- [What you are asked to do] Working through the entries below, find how many lines include the string "Blue"; give only that number.

- [Supplied information]

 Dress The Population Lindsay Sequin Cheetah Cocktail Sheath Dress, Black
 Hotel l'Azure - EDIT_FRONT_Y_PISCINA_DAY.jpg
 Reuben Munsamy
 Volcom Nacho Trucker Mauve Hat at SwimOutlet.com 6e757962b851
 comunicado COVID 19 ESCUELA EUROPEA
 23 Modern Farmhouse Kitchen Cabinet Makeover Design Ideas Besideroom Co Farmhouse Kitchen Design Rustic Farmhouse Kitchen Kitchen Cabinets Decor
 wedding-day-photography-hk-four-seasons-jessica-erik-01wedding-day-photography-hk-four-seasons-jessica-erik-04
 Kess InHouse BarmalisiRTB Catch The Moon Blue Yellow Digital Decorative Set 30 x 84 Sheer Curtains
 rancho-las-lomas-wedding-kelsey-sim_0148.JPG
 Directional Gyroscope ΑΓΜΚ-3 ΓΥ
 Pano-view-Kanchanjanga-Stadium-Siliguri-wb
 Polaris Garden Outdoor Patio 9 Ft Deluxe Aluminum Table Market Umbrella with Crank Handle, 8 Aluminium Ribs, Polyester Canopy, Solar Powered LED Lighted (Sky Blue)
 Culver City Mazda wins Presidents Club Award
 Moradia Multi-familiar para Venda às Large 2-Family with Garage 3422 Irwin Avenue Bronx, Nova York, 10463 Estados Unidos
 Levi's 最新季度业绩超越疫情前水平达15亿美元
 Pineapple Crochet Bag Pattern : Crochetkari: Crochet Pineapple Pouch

- [Your response] 2